## EXERCISE
Which lines run from the line with "Men's Classic Pre-Tied" through the line with "Nicole Lee USA" in the entries below? Print them exactly, both ends included, and nothing more.

-------- INPUT DATA --------

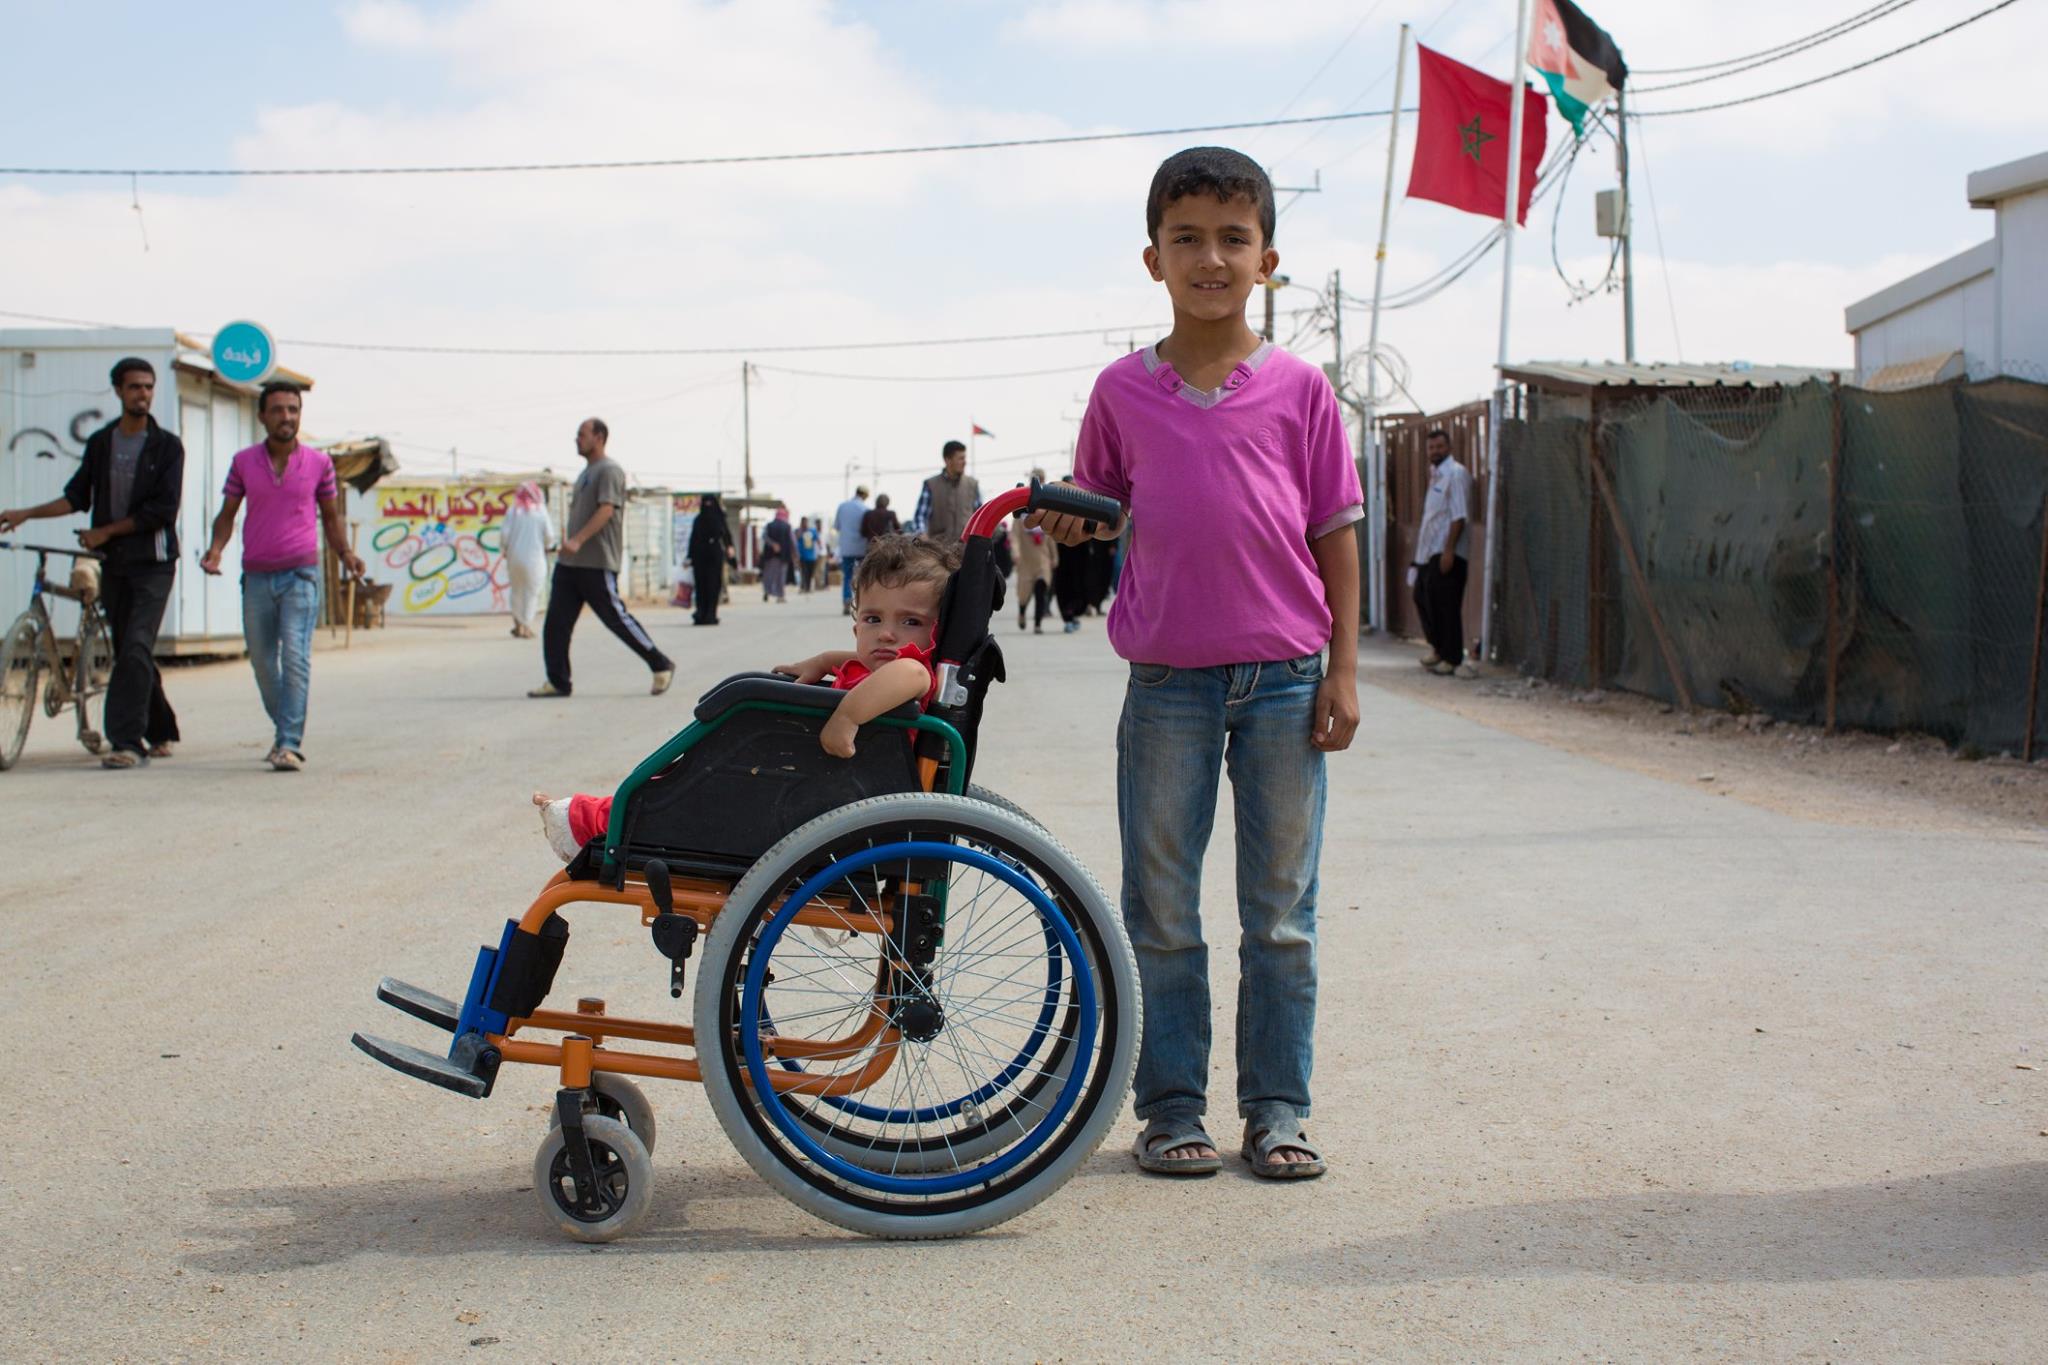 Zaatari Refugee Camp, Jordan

--------
-------- INPUT DATA --------

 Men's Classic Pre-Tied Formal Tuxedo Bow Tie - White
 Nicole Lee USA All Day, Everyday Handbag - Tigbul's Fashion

--------
-------- INPUT DATA --------

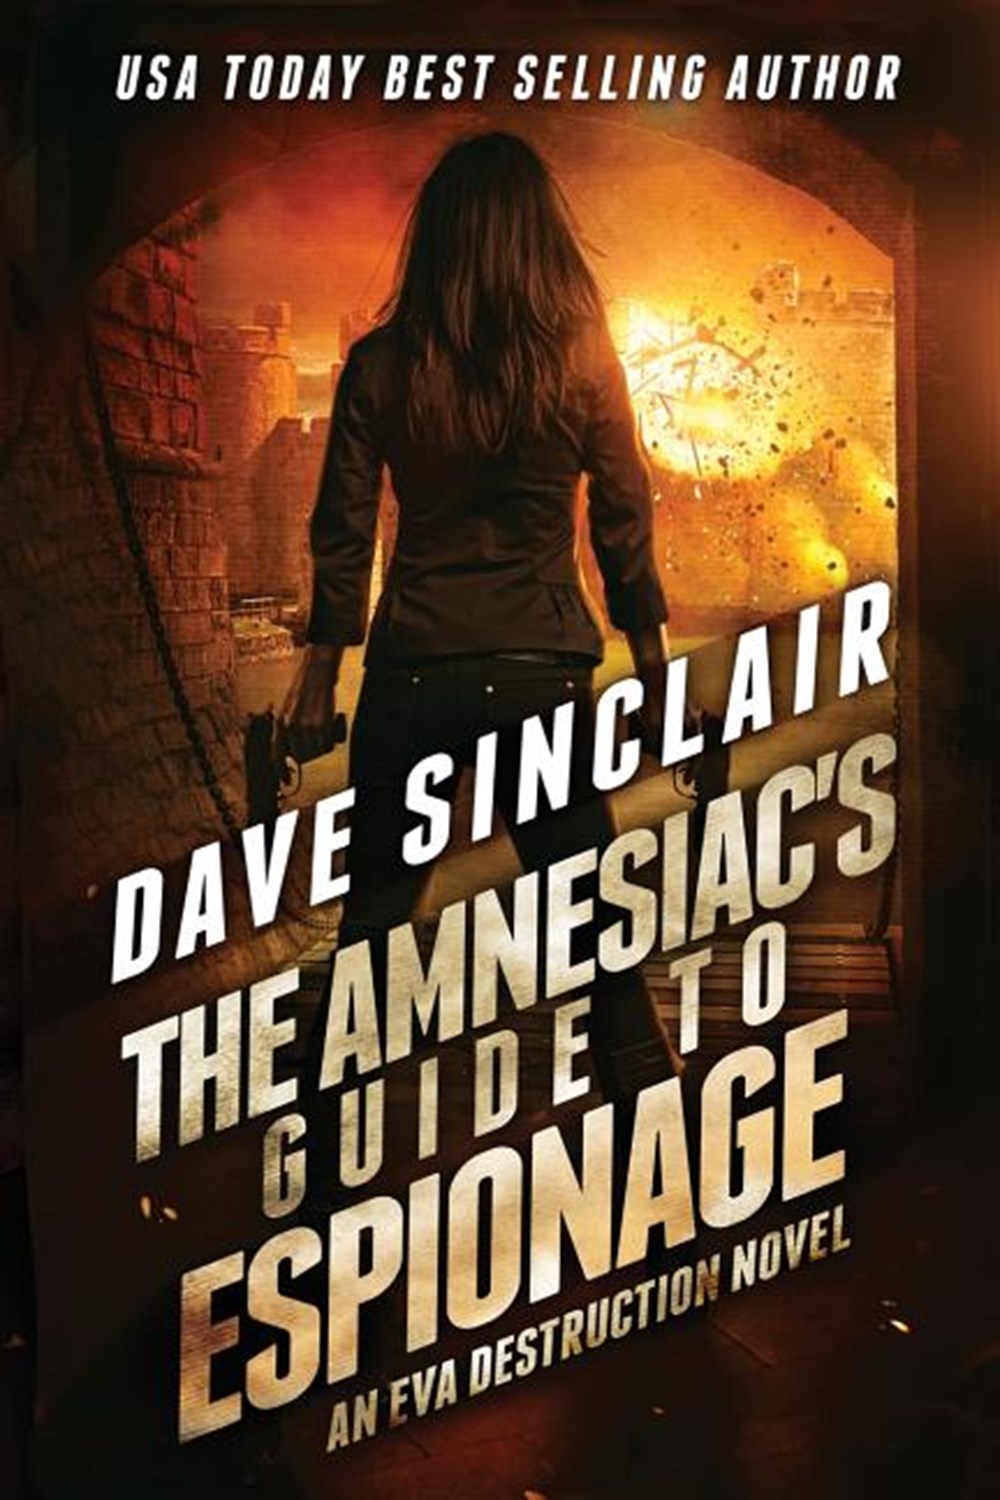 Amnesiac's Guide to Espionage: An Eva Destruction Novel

--------

## ANSWER AREA
 Men's Classic Pre-Tied Formal Tuxedo Bow Tie - White
 Nicole Lee USA All Day, Everyday Handbag - Tigbul's Fashion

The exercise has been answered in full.